How can we speed up the query? What additional steps can we take? We have indexed the database and all fields seem to be indexed correctly, but still not fast enough.

Any help, comments and/or suggestions are appreciated.
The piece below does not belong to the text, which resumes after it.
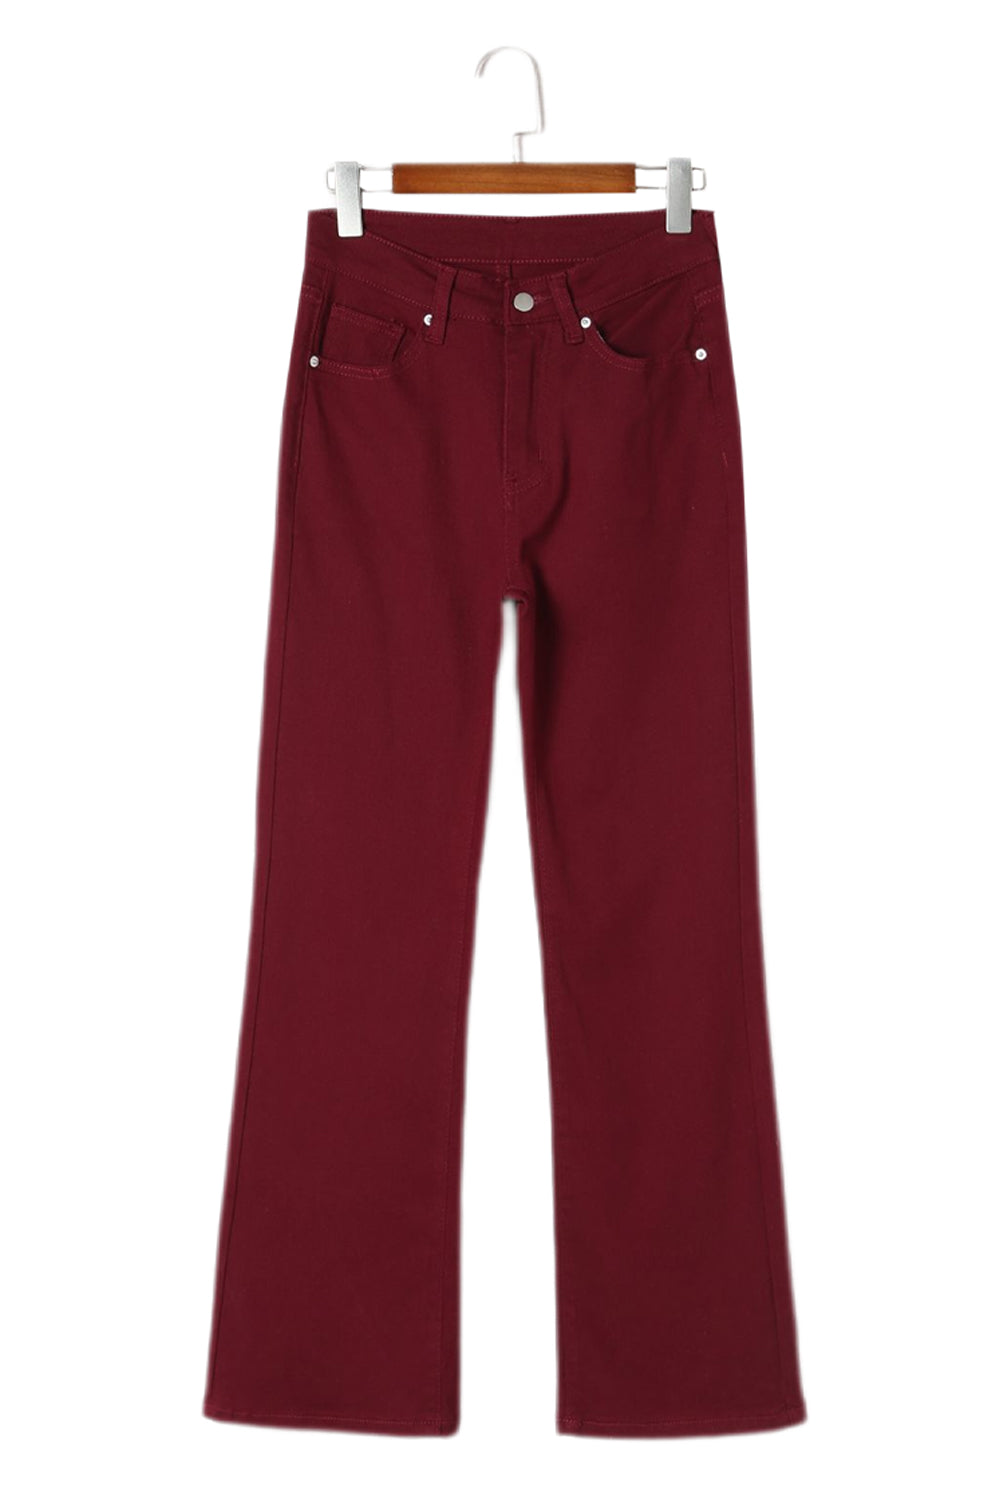 Burgundy High Waist Flare Jeans with Pockets

Nested loops with aggregation are usually a bad thing. The following should avoid this. (Untested; SQLFiddle will help.) Give me a spin and let me know. I'm curious How the engine uses window function filters.

WITH security
AS (
SELECT HE.fs_perm_sec_id
, HE.TICKER_EXCHANGE< br />, HE.proper_name
, OP.shares_outstanding
, OP.price_date
FROM own_prices AS OP
JOIN h_security_ticker_exchange AS HE
ON OP.fs_perm_sec_id = HE. fs_perm_sec_id
JOIN h_entity_sector AS HES
ON HES.factset_entity_id = HE.factset_entity_id
WHERE HE.ticker_exchange ='PG-NYS'
)
SELECT SE.fs_perm_sec_id
, SE.TICKER_EXCHANGE
, SE.proper_name
, SE.shares_outstanding
, S.stake_holdings
, IHT.top_10_inst_holdings
, OIH.inst_holdings
FROM security SE
JOIN (
SELECT S.fs_perm_sec_id
, S UM(S.POSITION) AS stake_holdings
FROM OWN_STAKES_HOLDINGS AS S
WHERE S.fs_perm_sec_id IN (
SELECT fs_perm_sec_id
FROM security
)
AND S. POSITION> 0
GROUP BY S.fs_perm_sec_id
) AS S
ON SE.fs_perm_sec_id = S.fs_perm_sec_id
JOIN (
SELECT IHT.FS_PERM_SEC_ID
, SUM(IHT.CURRENT_HOLDINGS) AS top_10_inst_holdings
FROM OWN_INST_HOLDINGS AS IHT
WHERE IHT.FS_PERM_SEC_ID IN (
SELECT fs_perm_sec_id
FROM security
)
) OVER (
PARTITION BY IHT.FS_PERM_SEC_ID
ORDER BY IHT.CURRENT_HOLDINGS DESC
) <= 10
GROUP BY IHT.FS_PERM_SEC_ID
) AS IHT
ON SE.fs_perm_sec_id = IHT.fs_perm_sec_id
JOIN (
SELECT S.fs_perm_sec_id
, SUM(OIH.current_holdings) AS inst_holdings
FROM own_inst_holdings AS OI
WHERE OIH.fs_perm_sec_id IN (
SELECT fs_perm_sec_id
FROM security
)
GROUP BY OIH.fs_perm_sec_id
) AS OIH
ON SE. fs_perm_sec_id = OIH.fs_perm_sec_id
ORDER BY SE.price_date
LIMIT 1

Leave a Comment

Your email address will not be published.